As part of my disaster recovery process, I make a daily AMI snapshot of the servers and copy it to my disaster recovery target region. As that AMI ID changes each day, I need a way to get the current day’s ID into my CloudFormation template so that AMI can be used when creating a copy of our server in the new region. Short of having to use python and Lambda to discover the AMI ID and recreate the template, there had to be a better way to do it.

Enter Parameter Store.

This is an AWS service that acts like a region bound scratchpad, where you can store data and have it retrieved from a few other services, one of which is CloudFormation.
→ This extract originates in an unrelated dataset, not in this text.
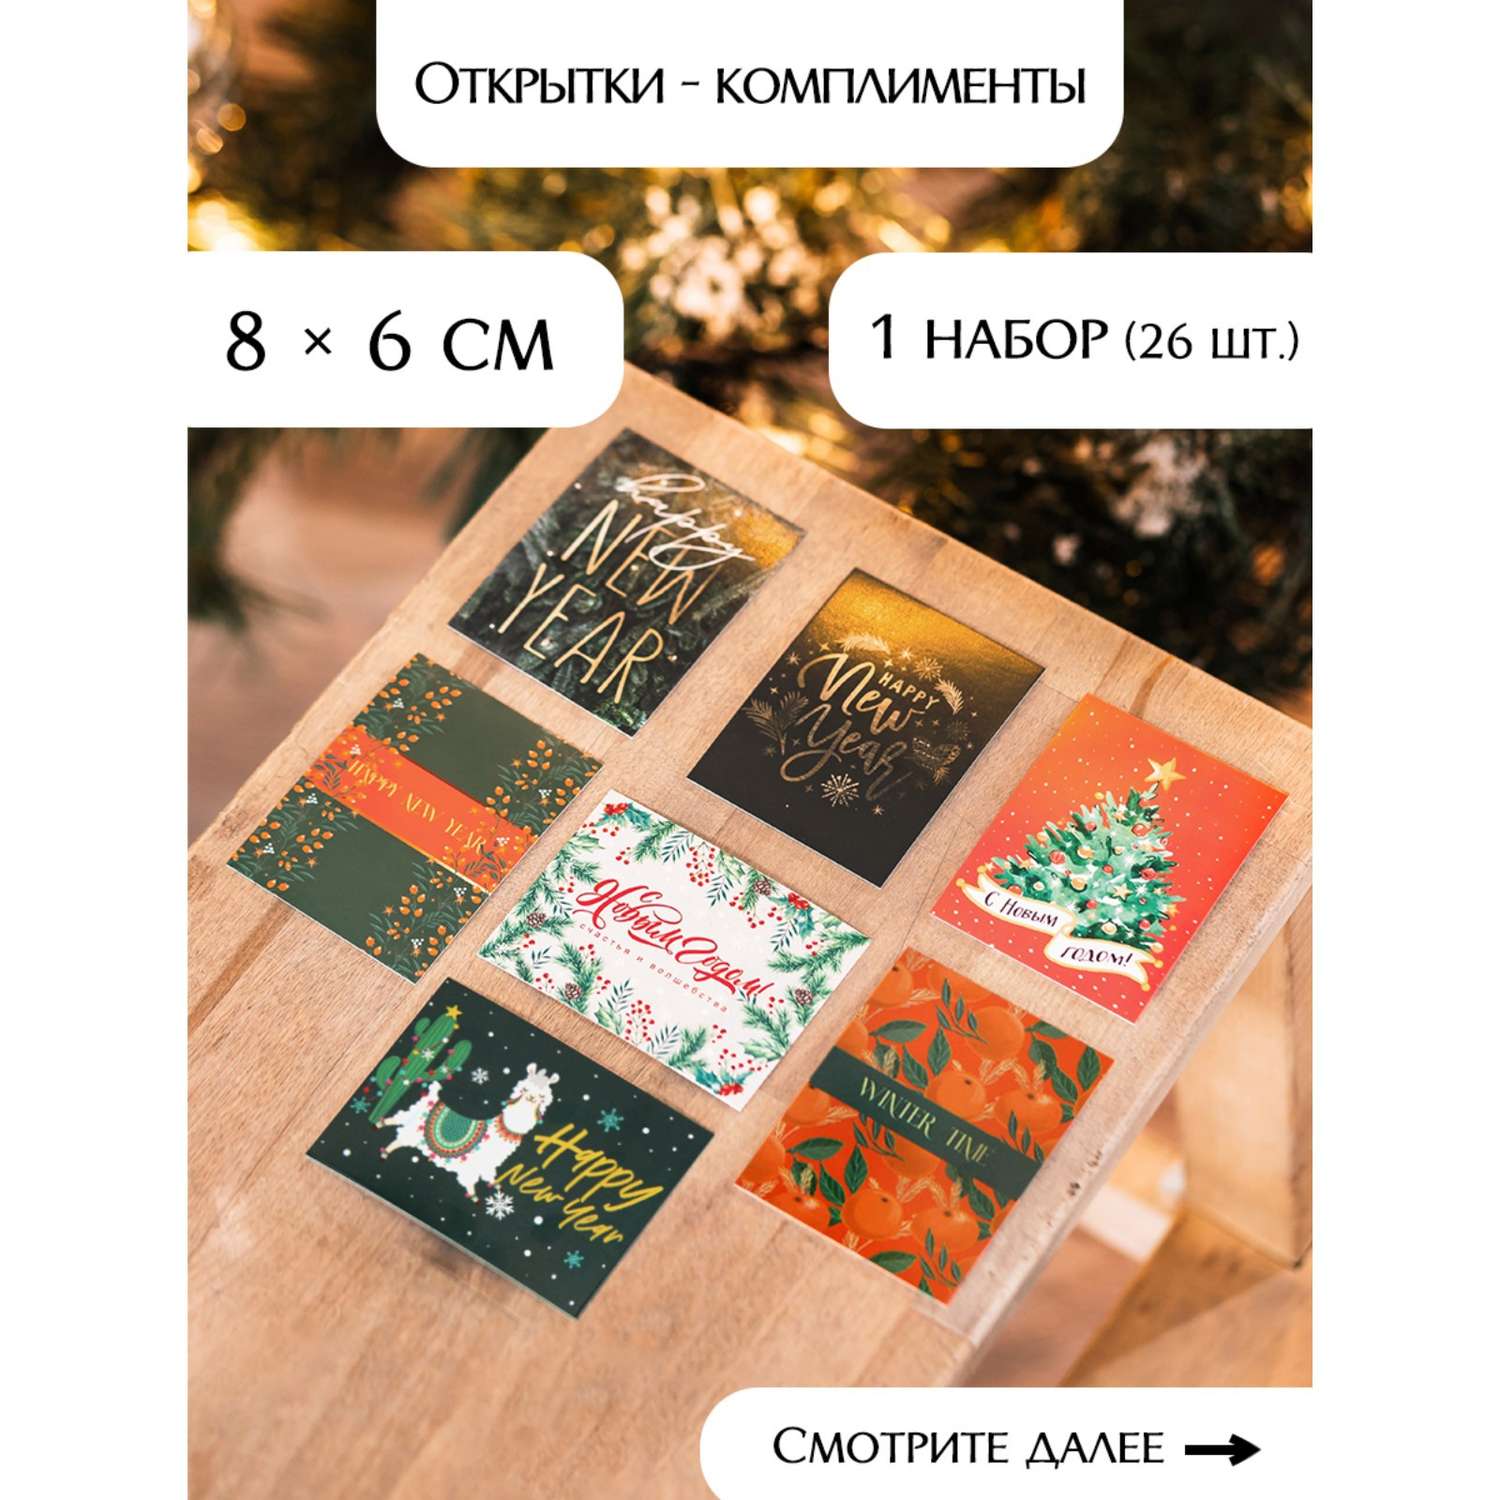 Набор Дарите Счастье открыток комплиментов«Новогодние»в наборе 26 шт. 8×6 см - фото 28

My first step is to create the AMIs and store their IDs in SSM:

# snippet, local_ami_list is list of local instances and names with date pre-pended.
# this section creates the AMIs, tags them, and adds to a list for copying to DR
for line in local_ami_list:
    image_data_combined_list = line.split(',')
    #pprint(image_data_combined_list)
    local_instance_id = image_data_combined_list[0]
    local_instance_name = current_date_tag + '-' + image_data_combined_list[1]
    image = ec2_local.create_image(InstanceId=local_instance_id, Description=local_instance_name, DryRun=False,
                                    Name = local_instance_name, NoReboot=True)
    tag_image = ec2_local.create_tags(Resources=[image['ImageId']], Tags=[{'Key': 'Name', 'Value': local_instance_name},])
    entry = local_instance_name + ',' + image['ImageId']
    ami_list_to_copy.append(entry)

sleep(90)

# this snippet copies the AMIs to the DR region

for line in ami_list_to_copy:
    ami_list_combined_data = line.split(',')
    local_ami_name = ami_list_combined_data[0]
    local_ami_id = ami_list_combined_data[1]
    try:
        image_copy = ec2_dr.copy_image(Description=local_ami_name, Name=local_ami_name, SourceImageId=local_ami_id,
                                        SourceRegion=local_region, DryRun=False)
        entry = local_ami_name + ',' + image_copy['ImageId']
        dr_ami_list.append(entry)
# this snippet is a bit of kludgy hack, but it gets me in the ballpark. Anonymized for my protection

# 5. lists amis in dr region and writes the current day to SSM parameters for further use in cf-scripts

sv1_ami_parameter = '/org/env/ec2/ServerName1/ami'
sv2_ami_parameter = '/org/env/ec2/ServerName2/ami'
sv3_ami_parameter = '/org/env/ec2/ServerName3/ami'
sv4_ami_parameter = '/org/env/ec2/ServerName4/ami'
sv5_ami_parameter = '/org/env/ec2/ServerName5/ami'
current_ami_list = []

ssm_dr = boto3.client('ssm',region_name=dr_region)
dr_amis = ec2_dr.describe_images(Owners=['self'])
for ami in dr_amis['Images']:
    match = re.search(current_date_tag, str(ami['Name']))
    if match:
        entry = str(ami['Name']) + ',' + str(ami['ImageId'])
        current_ami_list.append(entry)

for ami in current_ami_list:
    line = ami.split(',')

    match1 = re.search('ServerName1', line[0])
    match2 = re.search('ServerName2', line[0])
    match3 = re.search('ServerName3', line[0])
    match4 = re.search('ServerName4', line[0])
    match5 = re.search('ServerName5', line[0])
    if match1:
        set_parameter = ssm_dr.put_parameter(Name=sv1_ami_parameter,
                                            Value=line[1],
                                            Type='String',
                                            Overwrite=True)
    elif match2:
        set_parameter = ssm_dr.put_parameter(Name=sv2_ami_parameter,
                                            Value=line[1],
                                            Type='String',
                                            Overwrite=True)
    elif match3:
        set_parameter = ssm_dr.put_parameter(Name=sv3_ami_parameter,
                                            Value=line[1],
                                            Type='String',
                                            Overwrite=True)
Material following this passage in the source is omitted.